I would be very cautious about fruit smoothies, if I were you. If you can test your blood sugars then it will be a good idea to do so because you may find that they send you sky high. 

Personally, I just ate normally. I didn't follow any particular diet. I just kept an eye on the carbohydrates and tested before and 2hrs after meals (on the basis of one test per day .... slow to get information, but wasn't unworkable for me). Rather than looking at how much my blood sugars went up after meals, I simply to tried to be within certain ranges 

1) Before meals --> 4 - 7 mmol/L
2) 2hrs after meals --> 7 - 9 mmol/L
3) Avoid <4 mmol/L (hypo)
4) Avoid >10 mmol/L (hyper)

Luckily for me, I usually fell into those ranges, but when high, I just went for a walk and it always came down.

Anyway, back to food!
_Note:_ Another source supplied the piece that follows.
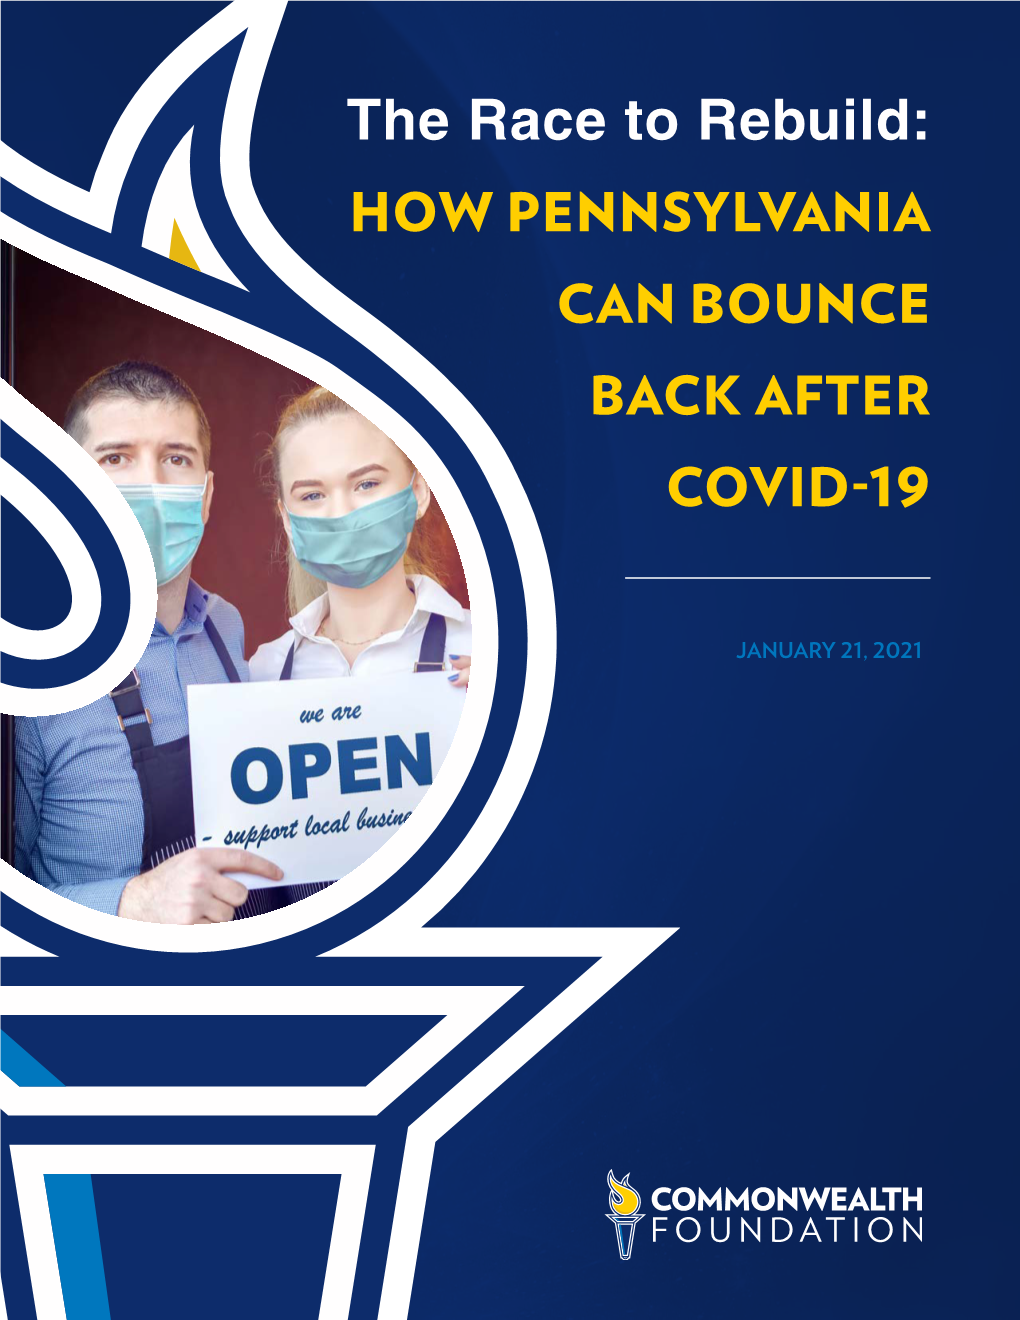 The Race to Rebuild: HOW PENNSYLVANIA CAN BOUNCE BACK AFTER COVID!"

I ate regularly (breakfast, midday and evening) spreading the carbohydrate intake. Breakfast consisted of either porage or toast (not always the best for most people, but I was ok with that). I controlled how much I had, of course! Midday, was usually a single slice of toast with something (half a can of baked beans or mackerel in tomato sauce). Evening, was just bog standard meals (meat and three veg), but often included quorn in the form of quorn chilli. Occasionallly I had rice with that but very small quantities. Usually, I had three small new potatoes and various vegetables.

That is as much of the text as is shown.